The Adirondack Association of Towns & Villages, the Adirondack Park Local Government Review Board and the five towns in the Upper Hudson Recreation Hub back the preservation idea. All have adopted formal resolutions and sent them to Cuomo, DEC leaders, and various elected officials.

The buildings were added to the state Register of Historic Places in March, and to the National Register of Historic Places in May. The documentation of their significance was done by Adirondack Architectural Heritage, a private architectural history group that is supporting their preservation.

“This is an outgrowth of the effort by (AARCH Executive Director) Steven Englehart and AARCH to get the (state and national) historic listing, and this was the next logical step,” said Donald J. MacElroy of Clifton Park, who is vice president of the Gooley Club. “Once listed on the State and National Register it called for an effort to preserve the buildings.”

Englehart wasn’t available for comment.

The Gooley Club’s members are leaving, either way, as of Sept. 30. The club, which had leased 15,000 acres but only built structures on about seven acres, will be moving a few miles northwest, and leasing about 3,000 acres from a private lumber company.

Though the club was founded in 1866, most of the current buildings date from the early 20th century.

“It’s very old, and it’s a big part of the history and tradition or the Adirondacks, and of hunting and fishing for visitors and hunting and fishing for residents,” said Monroe, who will be losing a family camp at the Polaris Club, another private hunting and fishing club in the Essex Chain.
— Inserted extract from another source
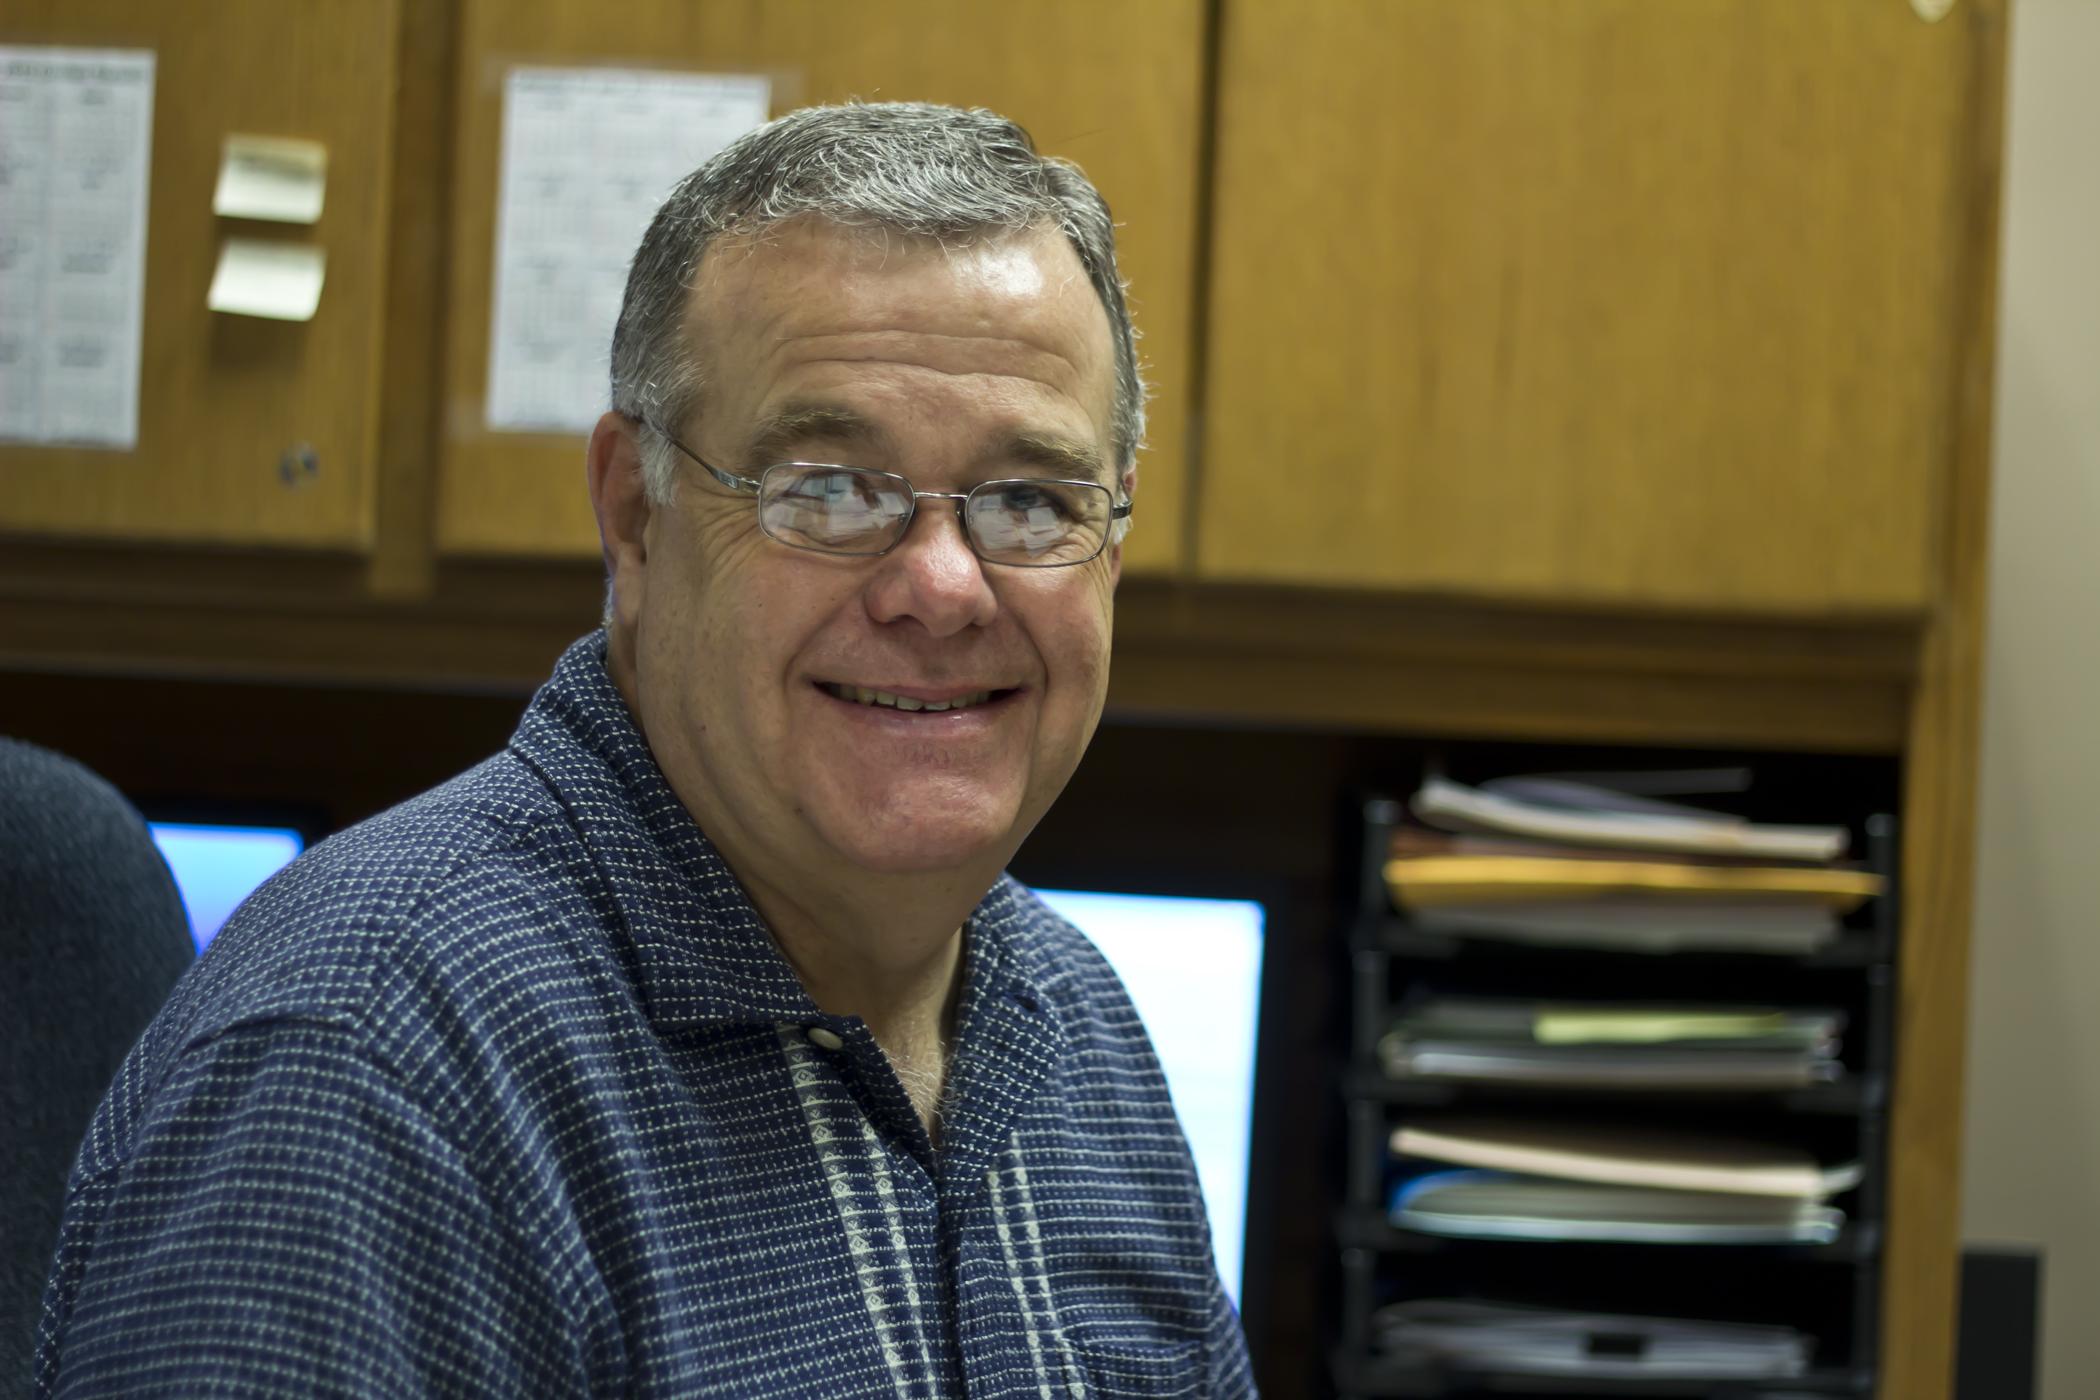 Lloyd Bell
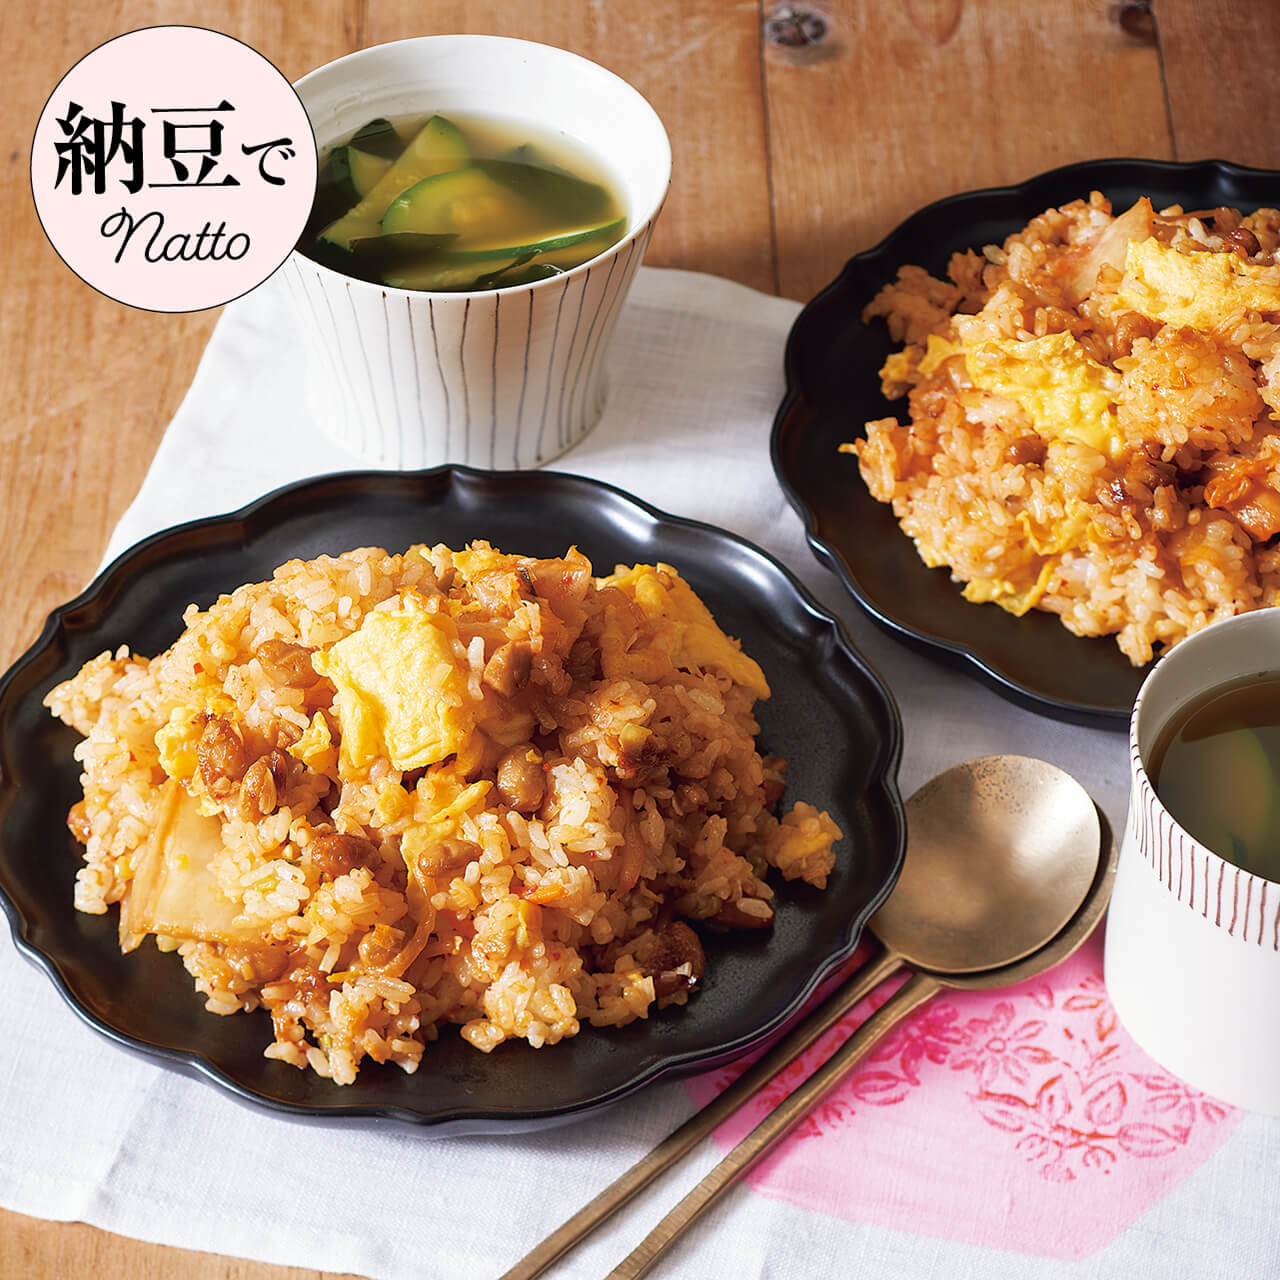 炒めた納豆の香ばしさがアクセント!「納豆とキムチのチャーハン」レシピ/市瀬悦子さん

That club was founded in about 1960; there are no plans to try to save it.

Preservation advocates argue that the Gooley Club, because of its age and size, is different.

“This location has been important to the area for 152 years, and do we do ourselves any favors by wiping out all of that history?” MacElroy asked.

Environmental groups say they recognize and honor that there are memories associated with the property, but point out that the preservation issue was addressed in the 2016 DEC unit management plan, which concluded they should be removed.

“In regard to the removal of the Inner Gooley Club buildings, (the state Office of Parks, Recreation and Historic Preservation) requested that the department record these buildings prior to demolition and consider relocating one or more of the structures to the site of the Outer Gooley Club,” the plan states.

A separate farmhouse-style building known as the Outer Gooley Club, about three miles south of the main camp complex, is being preserved by the state for possible administrative use and has parking for people hiking to the interior.

David Gibson, management partner in Adirondack Wild: Friends of the Forest Preserve, thinks the structures should go. “First of all, there is a contract between the state and The Nature Conservancy that says the will be removed, and I think the contract has to be honored. The state classified that land as Primitive, which is basically to treat it the same as Wilderness. The club also knew this, of course. They’ve known this for 10 years. There’s been a lot of time for transition.”

Sheehan said that if the state determined the buildings are significant, it could move them, and let the current location on Third Lake return to a wild condition.

“They could be preserved in some way, but the expectation is that that land will be returned to a wild condition,” Sheehan said. “We’re hopeful that like many of the roads in that area, it will return to forest fairly quickly.”

If state officials did want to preserve the buildings, the closest parallel would be what was done at Camp Santanoni, a former “Great Camp” on Newcomb Lake in Newcomb. After the state acquired the property in the 1970s, there were calls to demolish it, but the state ultimately, after years of debate, gave it a special “historic” designation in 2000.

The town of Newcomb, Adirondack Architectural Heritage and volunteers have worked since then to preserve and upgrade the building complex. Five miles from a paved road, it has become a popular destination for people hiking, skiing or riding mountain bikes.